EDIT: You of course would not need the voltage boost part of the circuit for the anode and grid, via the diodes and capacitors. Ice tube's inductor boost circuit takes care of that.


Are there any good reasons to provide cleaner power to the filament?


Raid's in grid IV-18 He claimed this was not so important, in his opinion. I don't personally feel that a square wave is inferior here, in the Noritake guide it is referenced as an alternative. Much of what I have done deals with alternating current, hence my interest in driving the tube this way, I like linear transformers. By today's standards, a linear transformer is a little old school for making DC. The 9V switch mode transformer used in the kit is a great little power supply. I don't know if you are aware, but a switch mode transformer boosts the frequency to 25 KHZ or higher. By doing this the transformer can be much smaller and supply a great amount of current, plus at that frequency the filter capacitors can be quite small, to filter DC ripple at that high frequency. As opposed to a linear transformer working at 60 HZ, which needs much more capacitance to filter ripple. But for a linear transformer in this circuit, most of the current is for the AC filament, and only a small amount of current needs to be filtered DC for the micro controller, boost and anode connections.

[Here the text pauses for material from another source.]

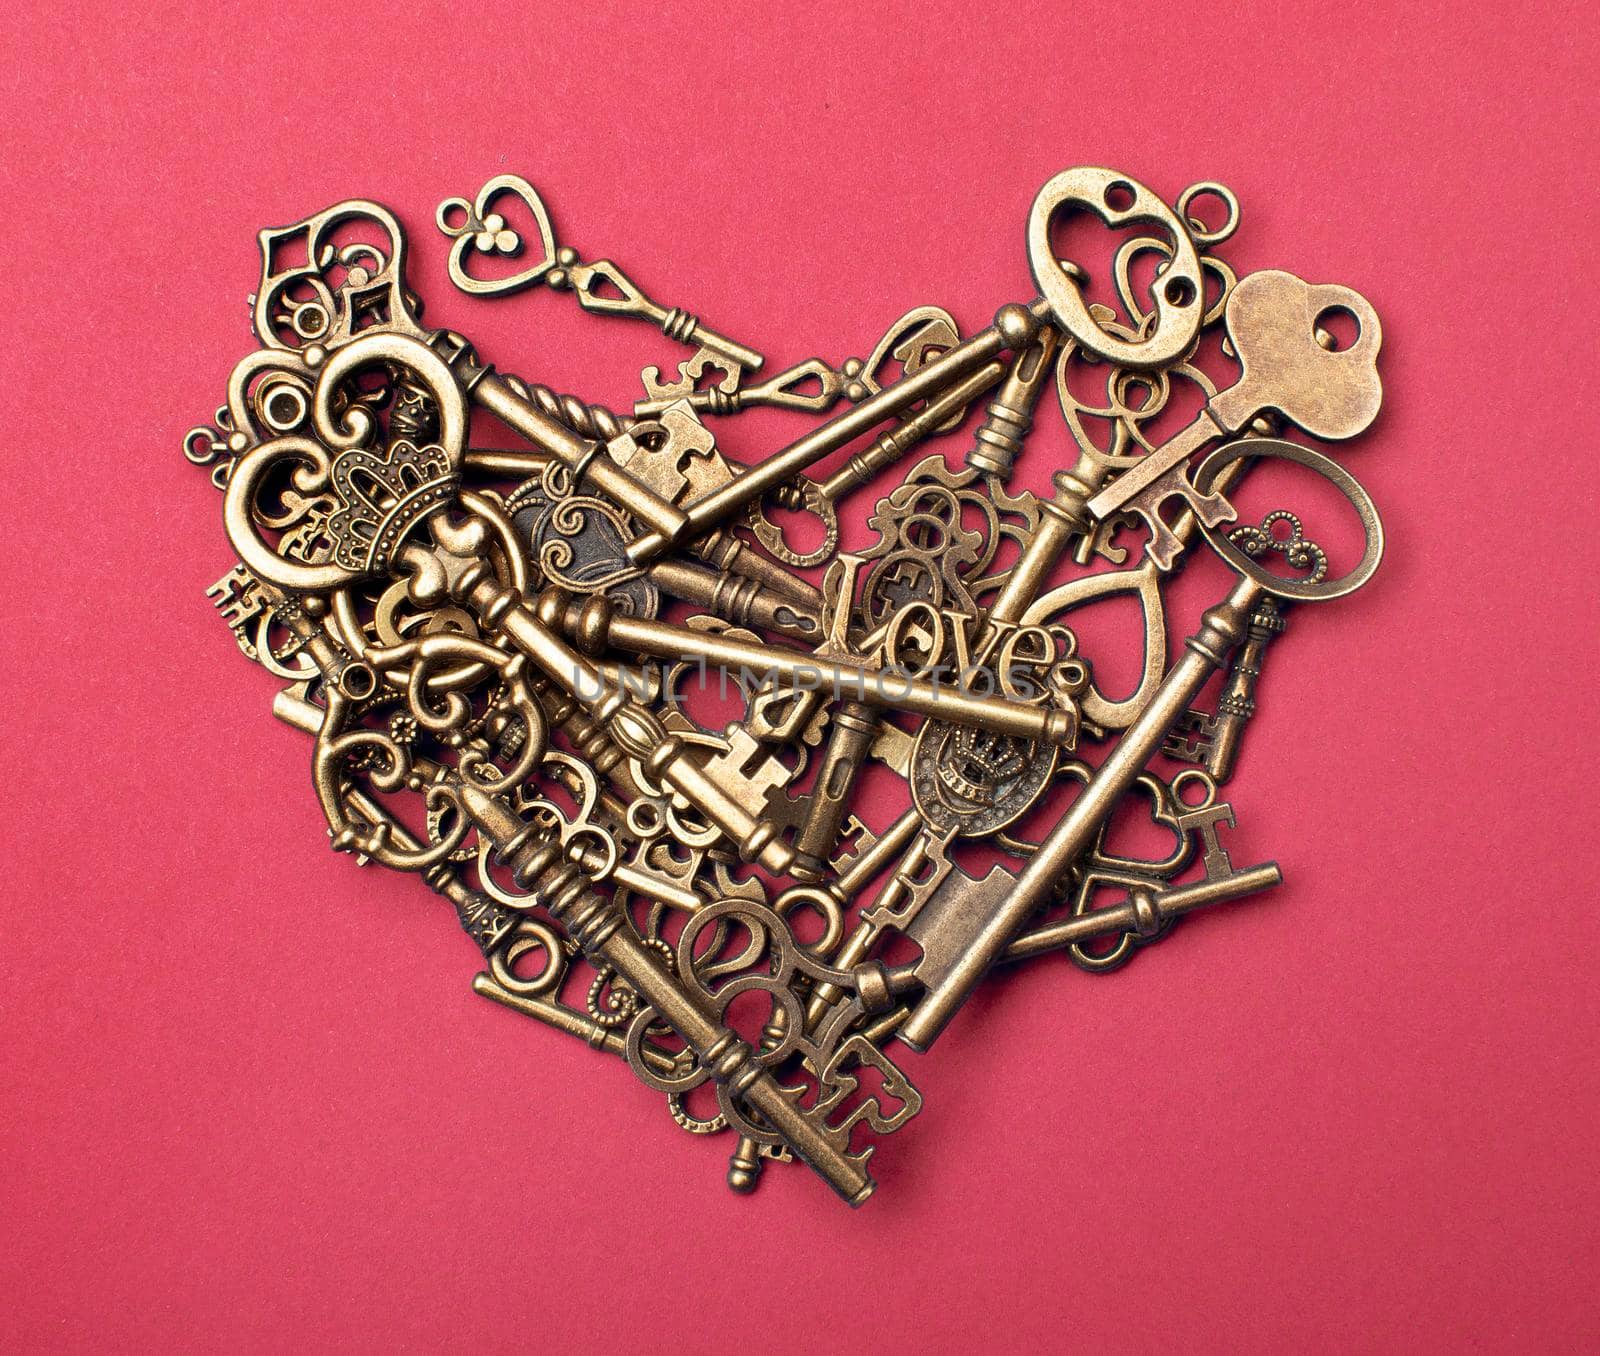 Old, vintage keys in the shape of a heart isolated on pink color bacground

EDIT: Try driving your MOSFETs with a 9 volt gate potential and see if that helps, 4.7 volts from the micro controller is marginal. Or try boosting voltage from LM317 a little, with variable resistor. Adjust variable resistor while reading filament output from oscilloscope, see if you can cheat voltage up a little. Using some capacitance should clean up your wave.

LM 317.gif
LM 317.gif (5.58 KiB) Viewed 2743 times
Last edited by Russell 27 on Sat Oct 19, 2013 9:01 am, edited 4 times in total.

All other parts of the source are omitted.